Quantization: 4-bit (BitsAndBytes NF4)

Training Dataset: Custom dataset of clinical notes, ICD codes, and supporting evidence

Task: Causal Language Modeling for code prediction

## Usage
    #
    from transformers import AutoTokenizer, AutoModelForCausalLM
    import torch, re

    # Load tokenizer and model
    tokenizer = AutoTokenizer.from_pretrained("Kavyaah/medical-coding-llm")
    model = AutoModelForCausalLM.from_pretrained("Kavyaah/medical-coding-llm")
    model.eval()

    # Function to predict ICD/CPT codes
    def get_code(statement, max_new_tokens=50):
      prompt = f"Assign the correct ICD or CPT medical code for this case:\n{statement}\nCode:"
      inputs = tokenizer(prompt, return_tensors="pt")
      with torch.no_grad():
        outputs = model.generate(**inputs, max_new_tokens=max_new_tokens, do_sample=False)
        result = tokenizer.decode(outputs[0], skip_special_tokens=True)
    
    # Extract code using regex
    if "Code:" in result:
        result = result.split("Code:")[-1]
    match = re.search(r"\b[A-Z]\d{1,3}\.?[A-Z0-9]*\b", result)
    return match.group(0).strip() if match else result.strip()

    # Example
    statement = "Patient diagnosed with Type 2 diabetes mellitus without complications."
    print(get_code(statement))
    # Output: E11.9

## Evaluation

Exact match accuracy: 25%

Semantic accuracy (ICD block match): 50%

## Intended Use

Assisting medical coders and healthcare professionals.

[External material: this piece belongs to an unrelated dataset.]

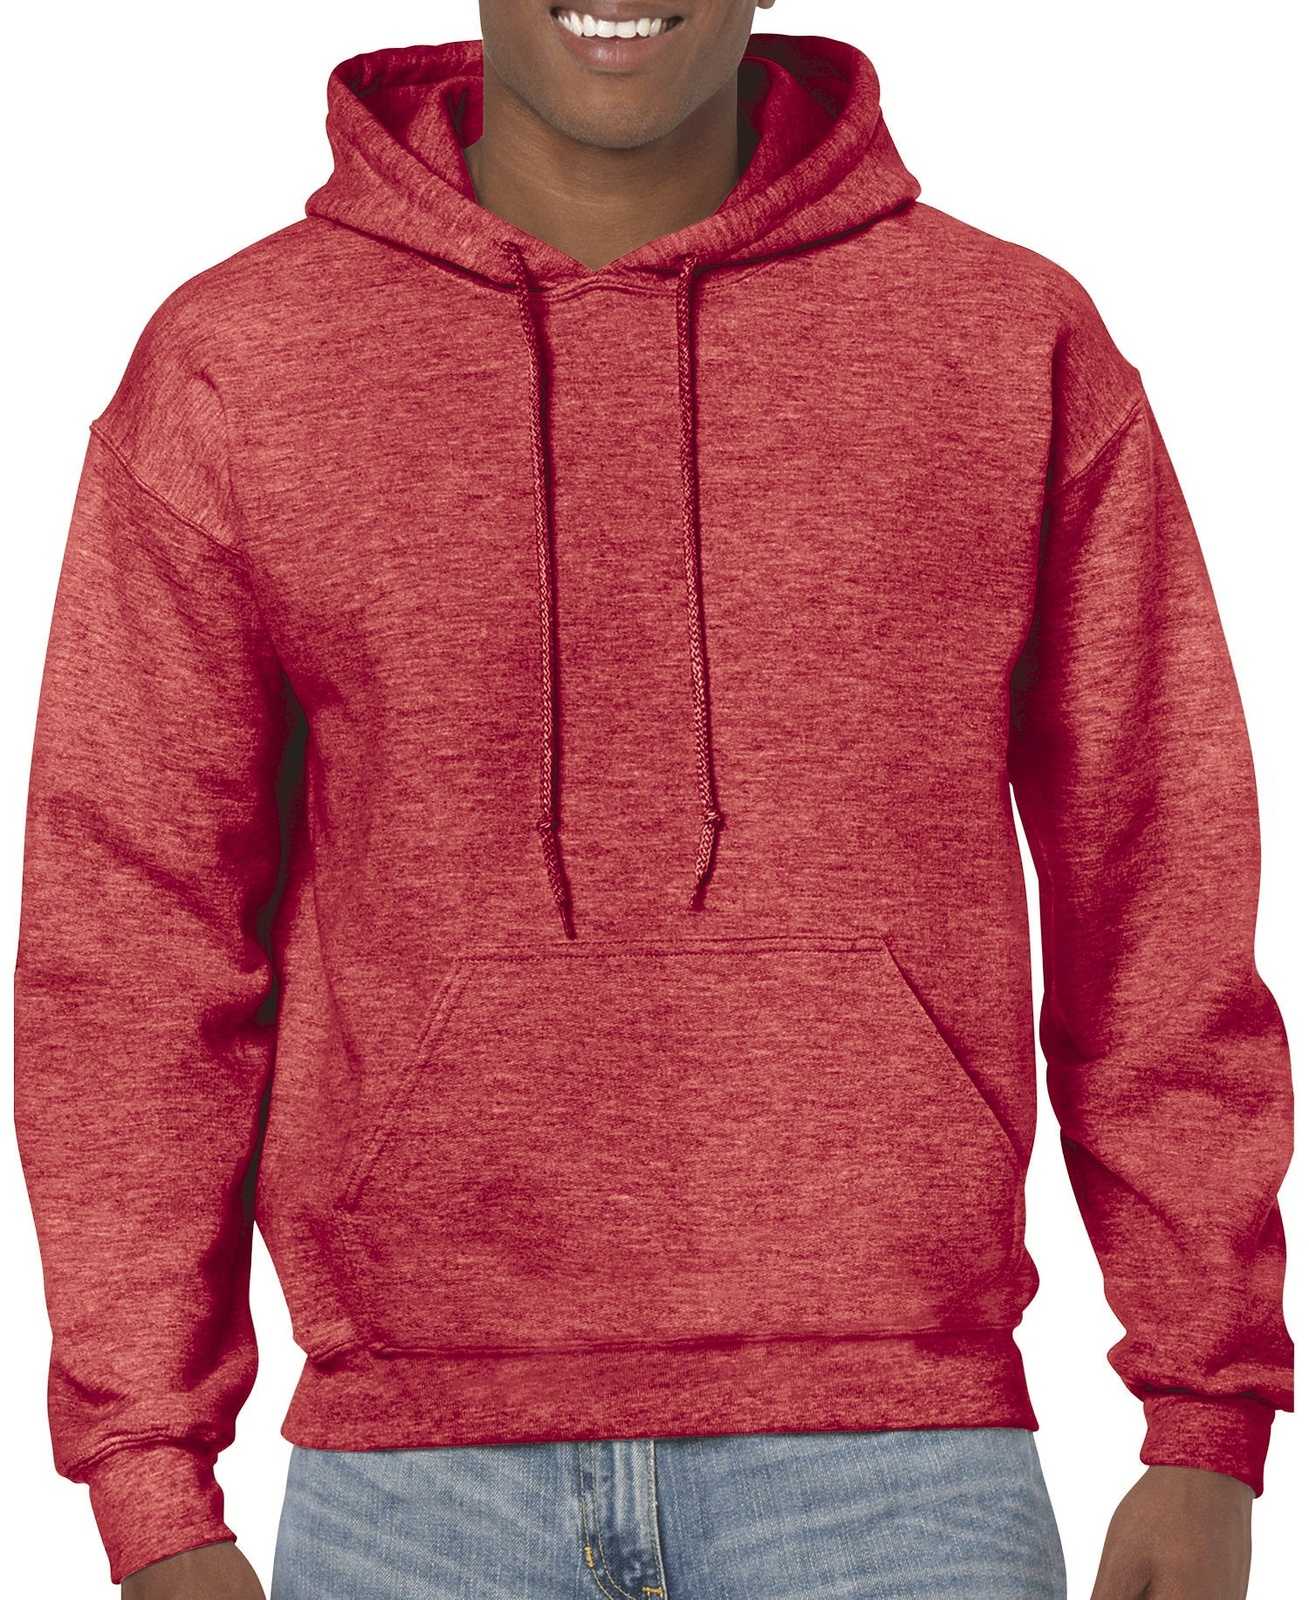 Gildan 18500 Heavy Blend Hooded Sweatshirt - Heather Sport Scarlet Red - HIT a Double

Automating initial code suggestions from clinical notes.

## Limitations

Trained on a small dataset; may not cover all ICD/CPT codes.

Use as an assistive tool, not a replacement for professional judgment.

Always review predicted codes before clinical or billing use.


## License

MIT License — feel free to use and adapt for non-commercial purposes.